Hello,
So I tested both recently and found a very peculiar behavior under similar parameter values. This was using Galactica’s 1.3B variant
from transformers import AutoTokenizer, AutoModelForCausalLM, pipeline, set_seed
import torch
checkpoint = "facebook/galactica-1.3b"
tokenizer = AutoTokenizer.from_pretrained(checkpoint, padding_side="left")
model = AutoModelForCausalLM.from_pretrained(checkpoint)
model.to('cuda')
generator = pipeline('text-generation', model=model, tokenizer=tokenizer, device=0)
#With pipeline
set_seed(42)
generator(['Is this', 'What is the matter'], renormalize_logits=True, do_sample=True, use_cache=True, max_new_tokens=10)
#With model.generate()
device=torch.device('cuda',0)
model.to(device)
tokenizer = AutoTokenizer.from_pretrained(checkpoint, padding_side="left")

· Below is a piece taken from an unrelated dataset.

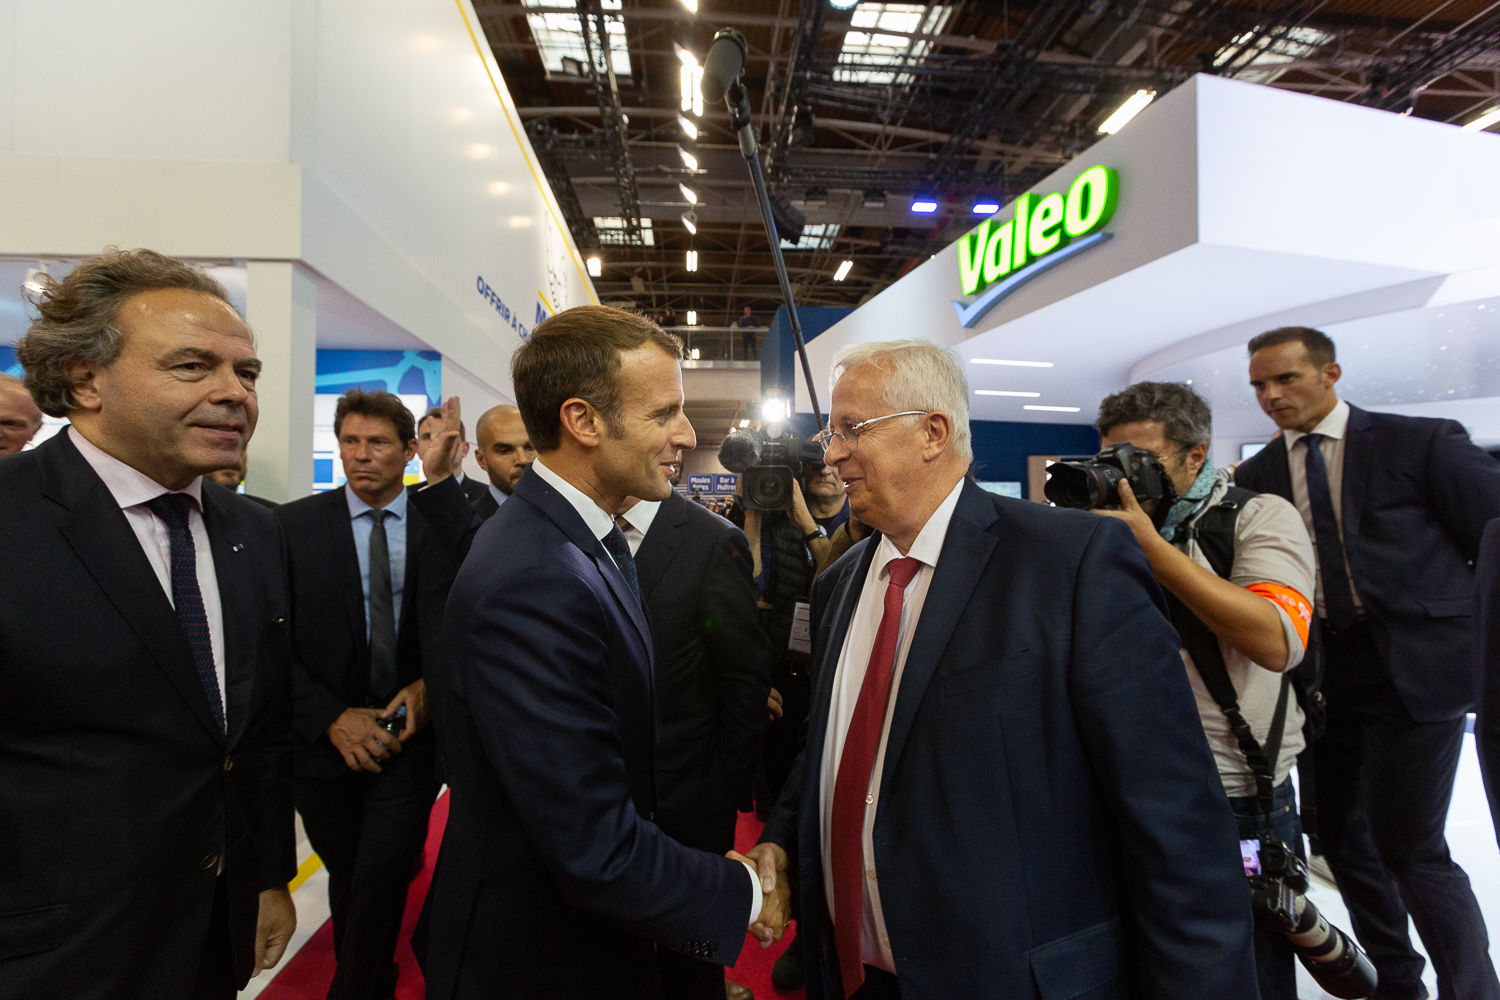 French President Emmanuel Macron with Valeo CEO Jacques Aschenbroich at an exhibition

tokenizer.pad_token = tokenizer.eos_token = '<pad>'
tokenized_prompts = tokenizer(['Is this', 'What is the matter'], padding=True, return_tensors='pt')
set_seed(42)
model_op = model.generate(input_ids=tokenized_prompts['input_ids'].to(device),
attention_mask=tokenized_prompts['attention_mask'].to(device),
renormalize_logits=False, do_sample=True,
use_cache=True, max_new_tokens=10)
tokenizer.batch_decode(model_op, skip_special_tokens=True)
Here is the result with each,
[{'generated_text': 'Is this method for dealing with multiple objects?\n\n\n'}],
[{'generated_text': 'What is the matter density of a star whose radius is equal to '}]
................
['Is this method for dealing with multiple objects?\n\n\n',
'What is the matter of this, I know that it isn’t']

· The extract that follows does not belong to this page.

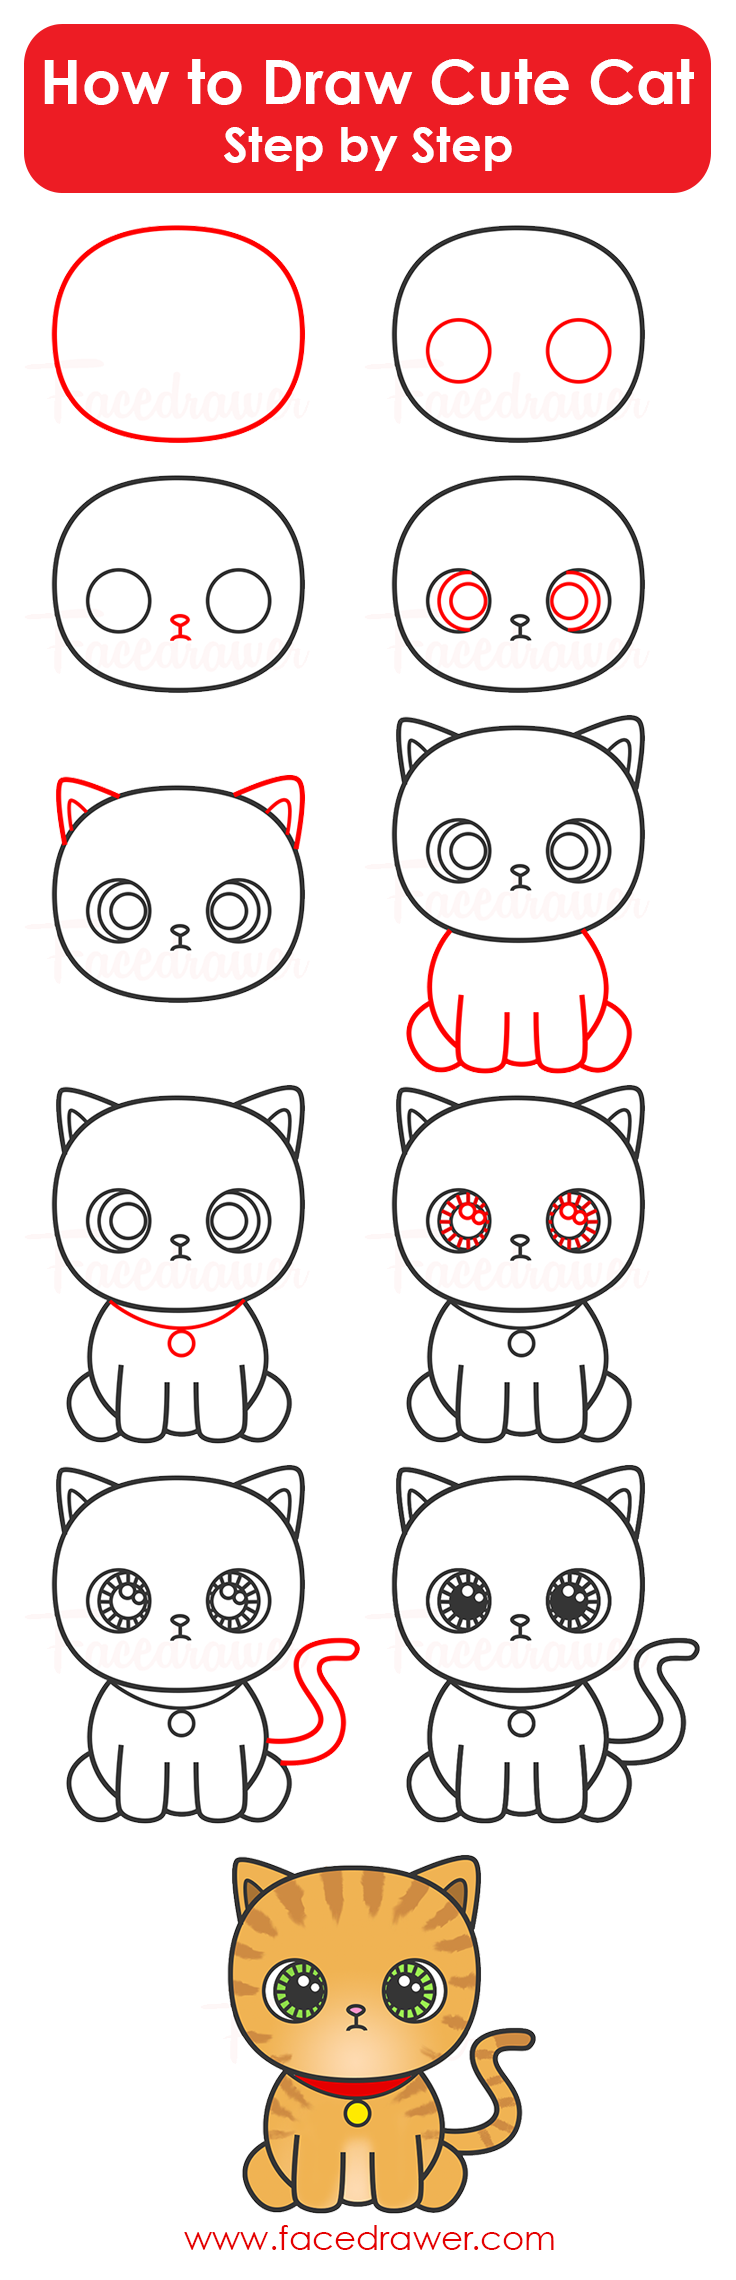 how to draw cute cat step by step infographic | Facedrawer

As we can see, both methods are producing different outputs, even under the same settings. However, the first generation for each method seems to be the same & I tried it for a bunch of other prompts. That being said if we turn off do_sample i.e.
do_sample = False (greedy decoding)
then, we get the same results. Thus, I believe this is related to the sampling method being employed which is producing different results. Does anyone have any thoughts on this?